- **Work order**: Only the pictures are to be dropped; the rest of the data below is to be duplicated exactly.

- **Collected data**:
*-*-*

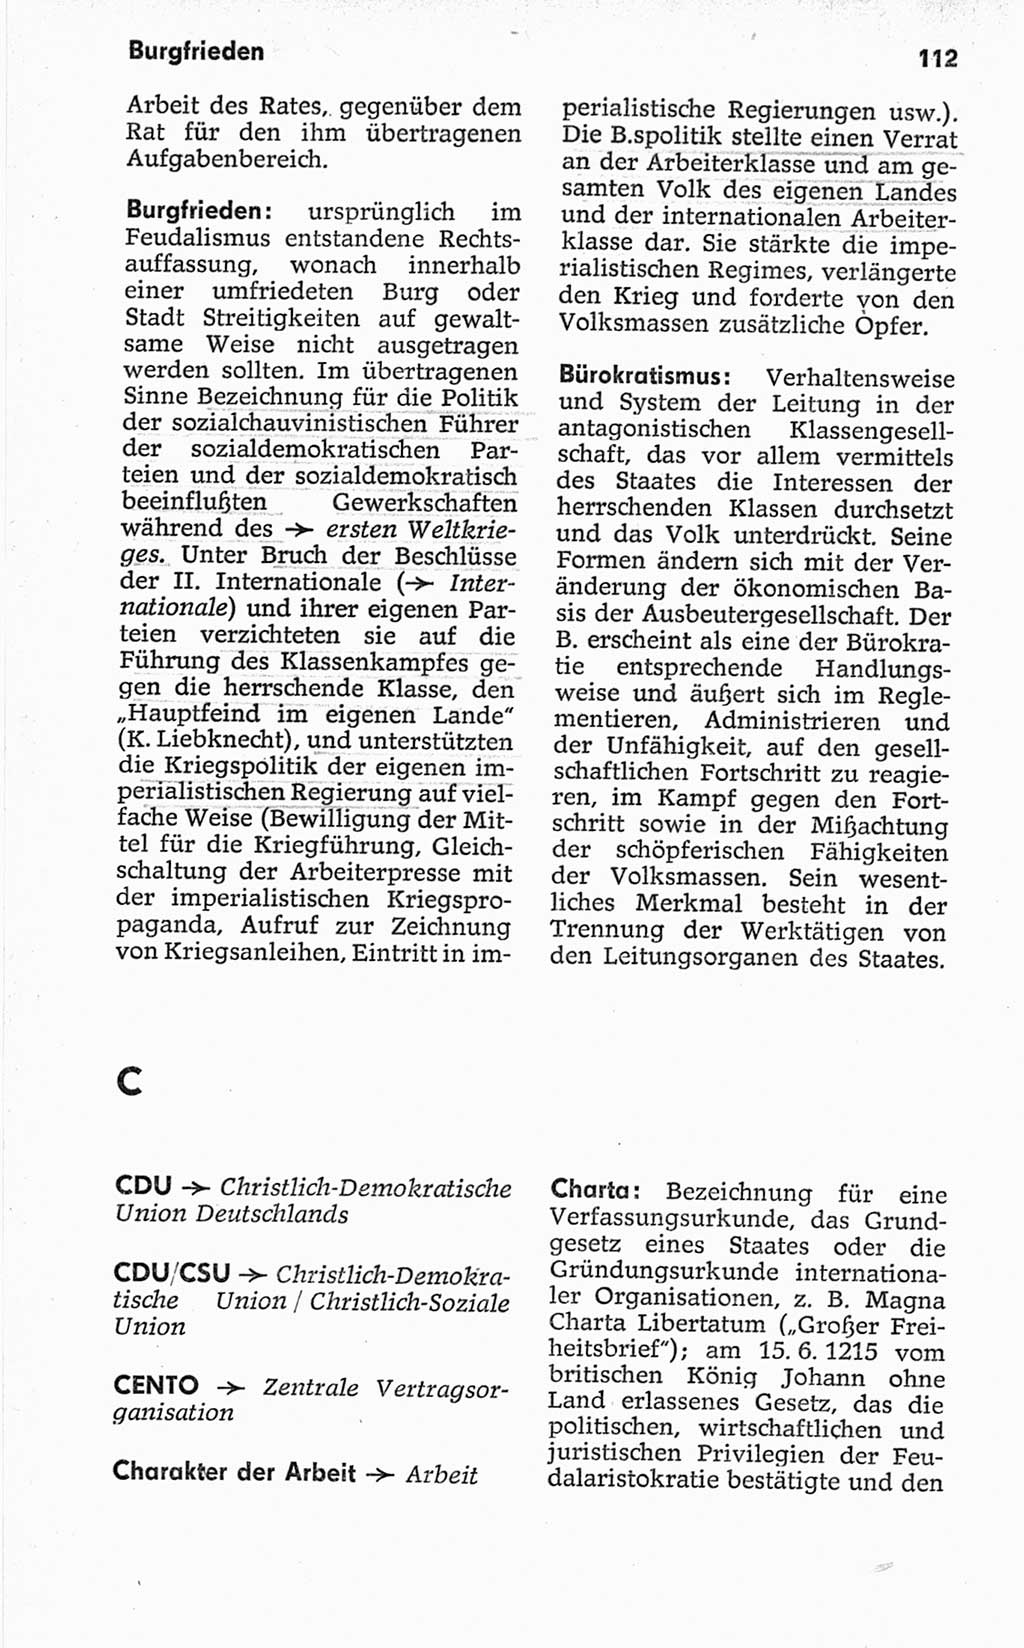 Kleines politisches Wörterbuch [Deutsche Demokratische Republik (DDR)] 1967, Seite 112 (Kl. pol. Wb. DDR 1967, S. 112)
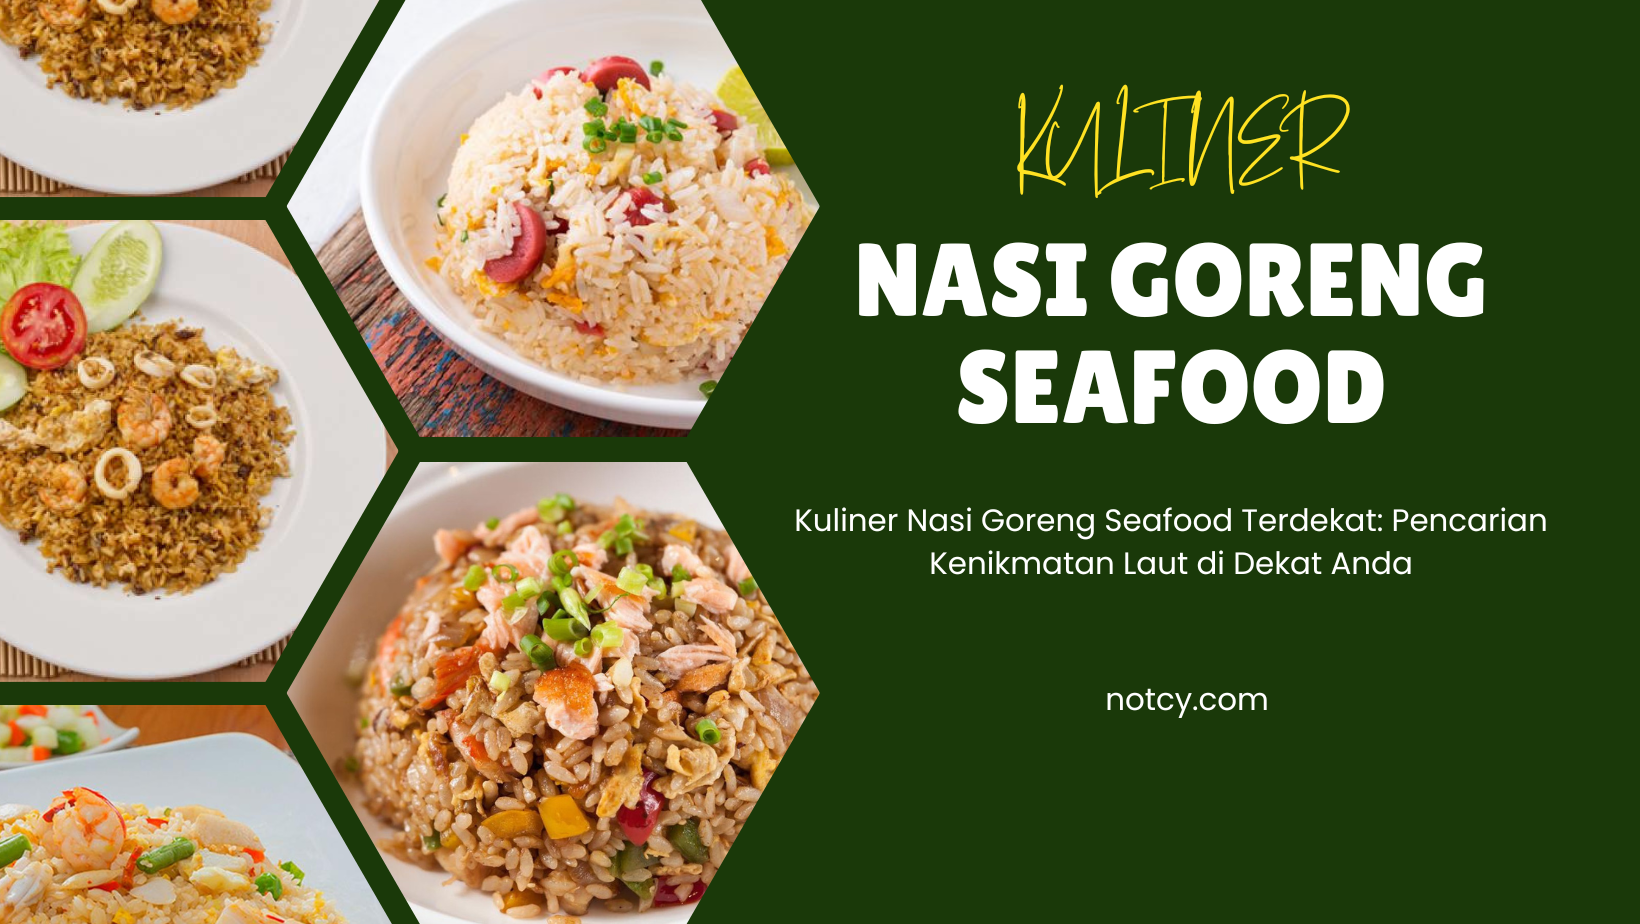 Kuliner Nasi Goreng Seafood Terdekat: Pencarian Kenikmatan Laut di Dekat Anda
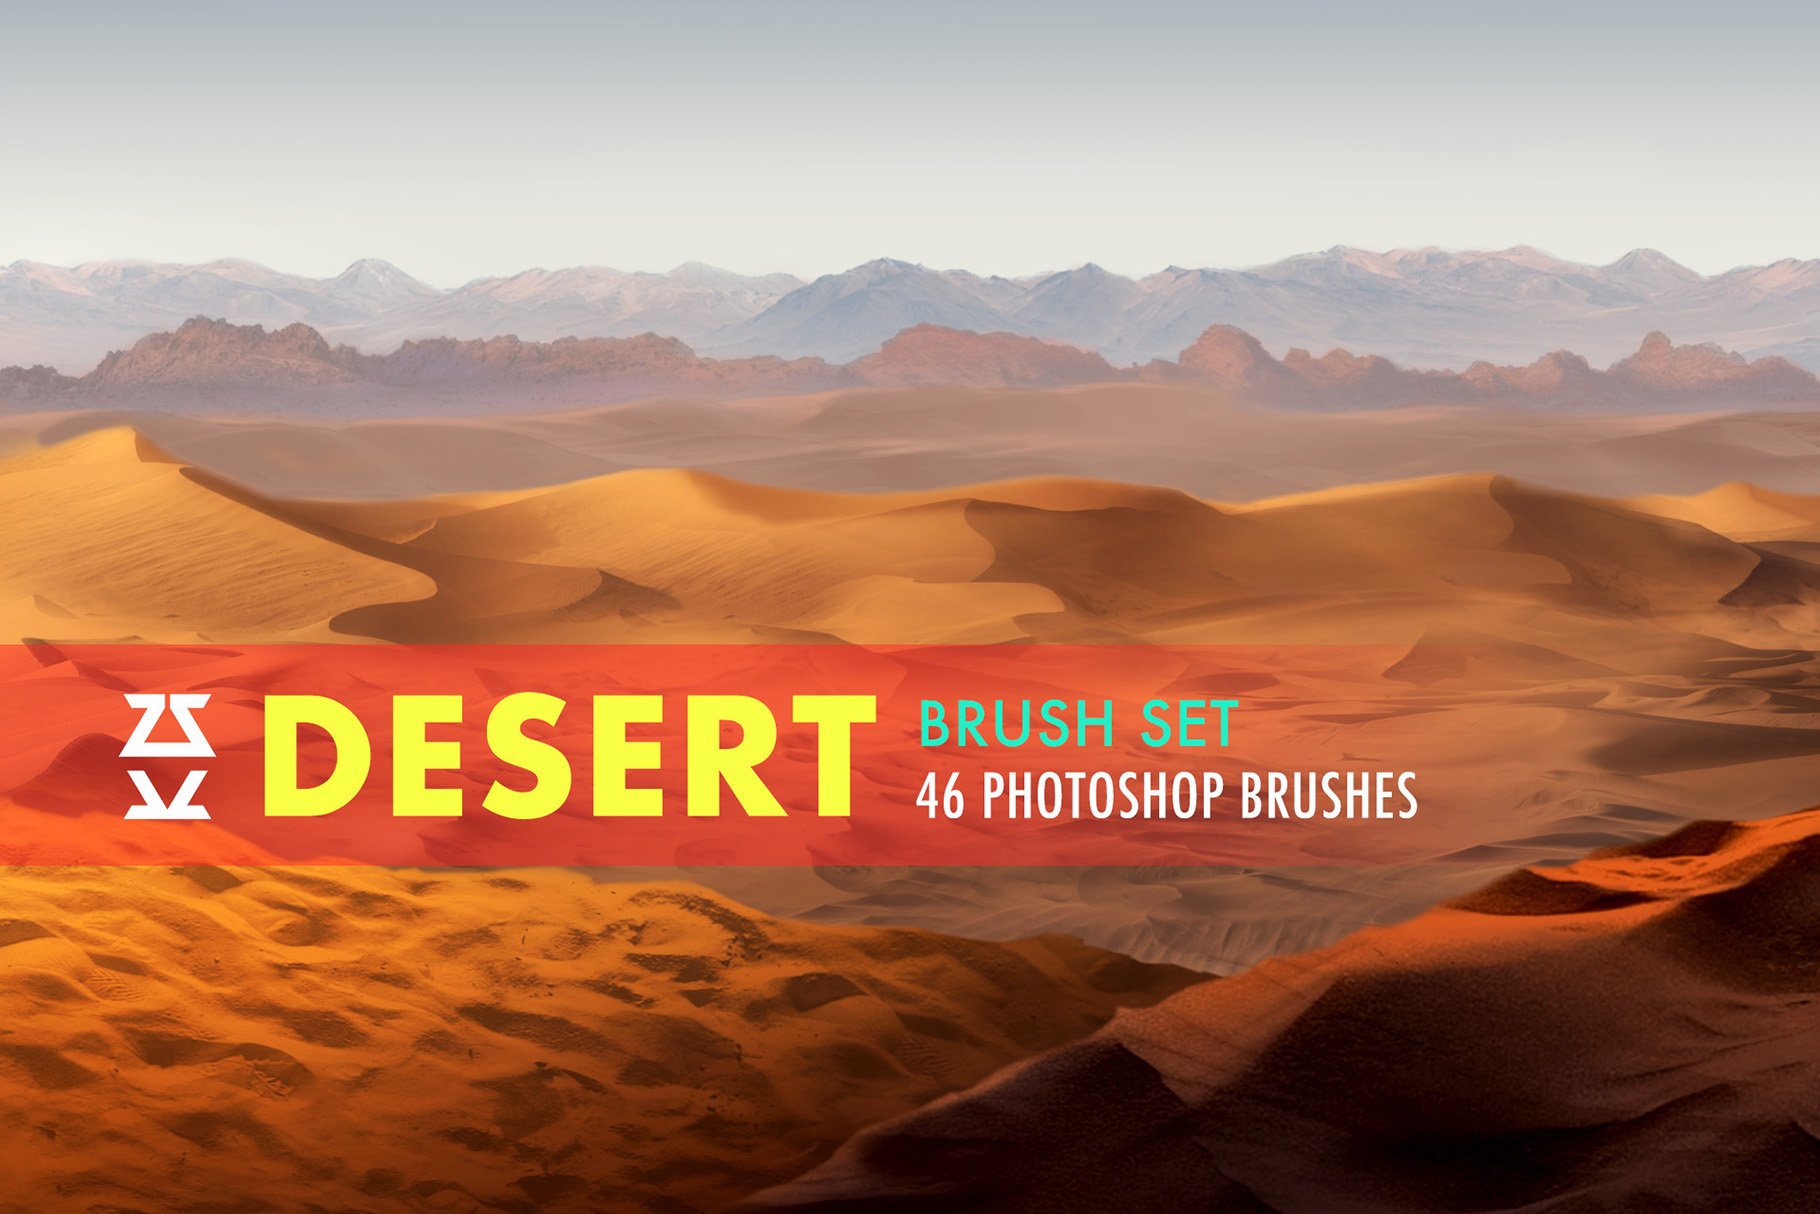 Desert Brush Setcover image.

*-*-*

- **Response**:
 Kleines politisches Wörterbuch [Deutsche Demokratische Republik (DDR)] 1967, Seite 112 (Kl. pol. Wb. DDR 1967, S. 112)
 Kuliner Nasi Goreng Seafood Terdekat: Pencarian Kenikmatan Laut di Dekat Anda
 Desert Brush Setcover image.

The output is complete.